Toronto Home To Be Reimagined With Cutouts And Angled Walls By Adrian Phiffer
Adrian Phiffer has reimagined a conceptual version of concrete home in Toronto. The design responds to the banal character of its proposed location in Midtown Toronto.
The project, called the Semblance House, is envisioned for Davisville Village in Toronto where the architecture is banal and "ugly," according to Office of Adrian Phiffer. The Toronto home consists of a simple concrete shell with windows of different sizes, angled walls, cut out portions and a sculptured pitched roof.
The Toronto home, which is about 500 square meters, is designed in such a way that as one moves from the basement to the ground floor to the top level, the floor plans become more widespread as one. The perimeter is pushed and pulled in various directions, creating such effect.
The basement, stands out as it is reimagined as a labyrinth, while the ground floor serves as a "passage space" that enables movement from the front to the rear. There is also an open room in the upper floor of the Toronto home that is meant to feel empty, according to the Dezeen.
Meanwhile, designers extracted the lower corner of the home to form a deeply recessed entrance, surrounded by a screen for the street-facing elevation. The concrete eave of its second entrance, on the other hand, is supported by a tall column.

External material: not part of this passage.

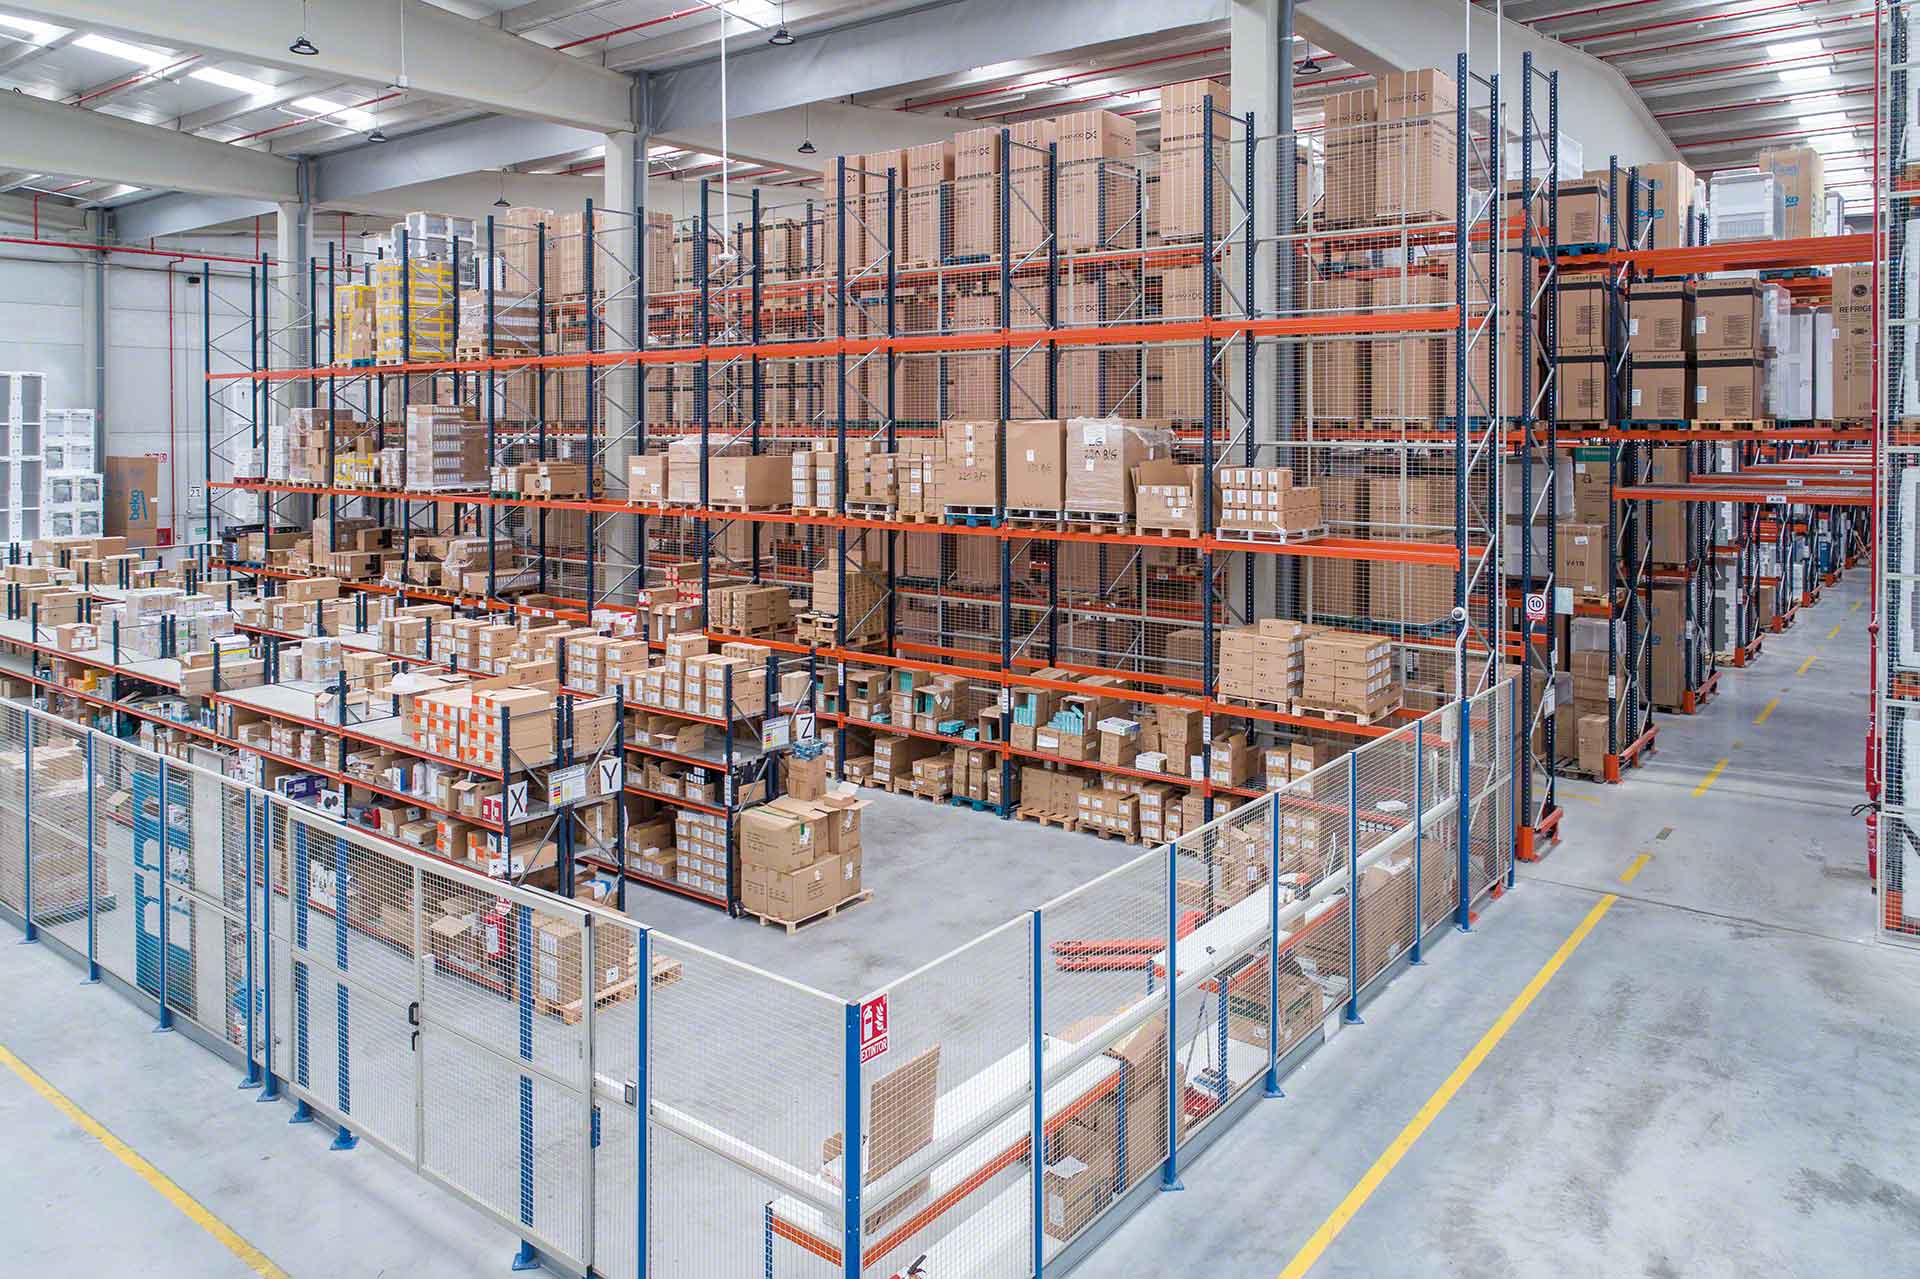 Os critérios de localização logística de stock são muito úteis para organizar mercadorias de forma eficaz

Space punctuation with permanent or transient forms is included in the Toronto home design with features such as "a triangle of light, a pig bathing in Bahamas, fancy chairs, a hanged circular road". Alongside this is the portion of the top floor extracted to form a well that reflects light down to the ground level.
"Engaged in the conversation, this house accepts, learns and mimics the architectural language - simple openings, a cornice, a chimney, a water drainpipe," the studio said. "This [Toronto home] is a case of semblance."